A few weeks back, one of the big hunting conservation groups sent out a press release announcing a “strategic partnership” (whatever that is) to promote hunting ethics among the young hunters of today. Exactly how the “strategic partners” planned to do that I’m not sure, beyond vague mention of “outreach.” What I do know is that, most of the time, whenever I suggest writing about hunting ethics, editors roll their eyes and insist their readers don’t want to hear about it.
This is understandable. Long ago, I stopped going to church for much the same reason. No one I’ve ever met enjoys being preached at. Any editor who can recognize preaching and forestall it gets my vote, and should get yours as well.

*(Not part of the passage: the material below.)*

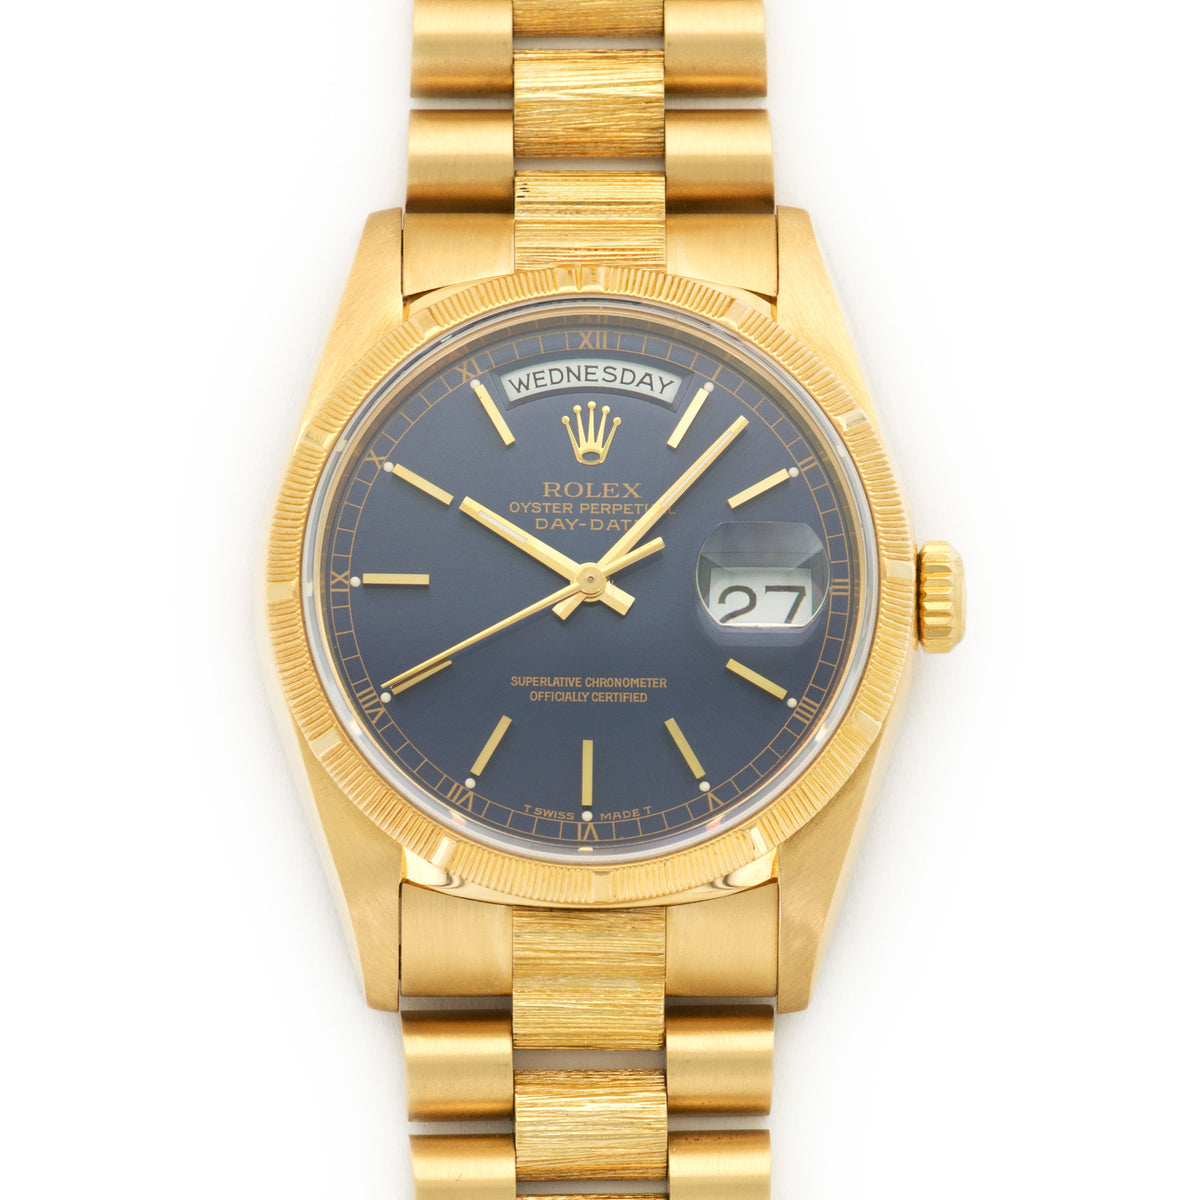 Rolex Day-Date 18248 18k YG – The Keystone Watches

However, for some years I’ve been exploring the whole question of hunting ethics (mostly in the privacy of my own home) simply because hunting is what I now have in place of church, and when you are that dedicated to anything, I believe you should learn as much about it as you can. Sort of like reading the Bible.

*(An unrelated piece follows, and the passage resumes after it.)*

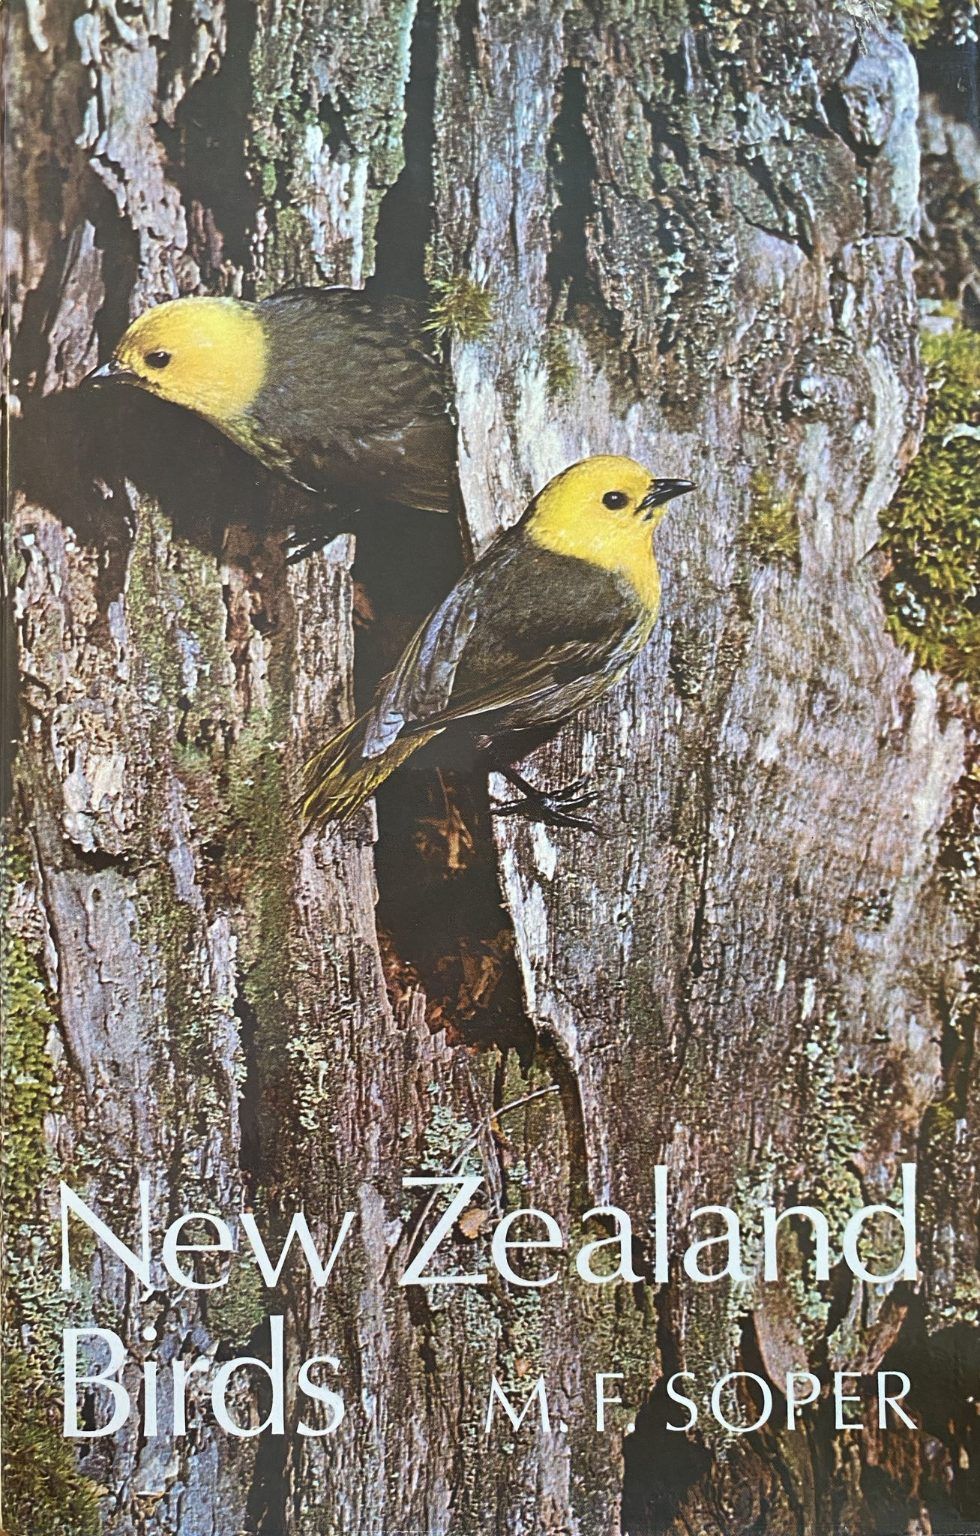 NEW ZEALAND BIRDS

Before going any further let me just say, in my opinion, a hunter can learn all that needs to be known about the practical aspects of hunting ethics by reading Robert Ruark’s The Old Man and the Boy and José Ortega’s Meditations on Hunting. Toss in Ruark’s Horn of the Hunter, and you are pretty much covered. And, you’ll have had some great reading.
In my case, repeated readings of all of the above led me into an almost academic pursuit of some answers, and I found myself going all the way back to classical Greek. The word “ethics” does not roll easily off a tongue not schooled in philology, and if you have to go and look up the meaning of “philology,” don’t feel bad. So did I.
To save readers the trouble, philology is the study of ancient literary texts and the determination of their meaning. Hence the connection between philology and ethics, which is derived from the ancient Greek “Ethiks,” and dates back to a text by Aristotle. In the simplest of terms, it’s the science of right and wrong.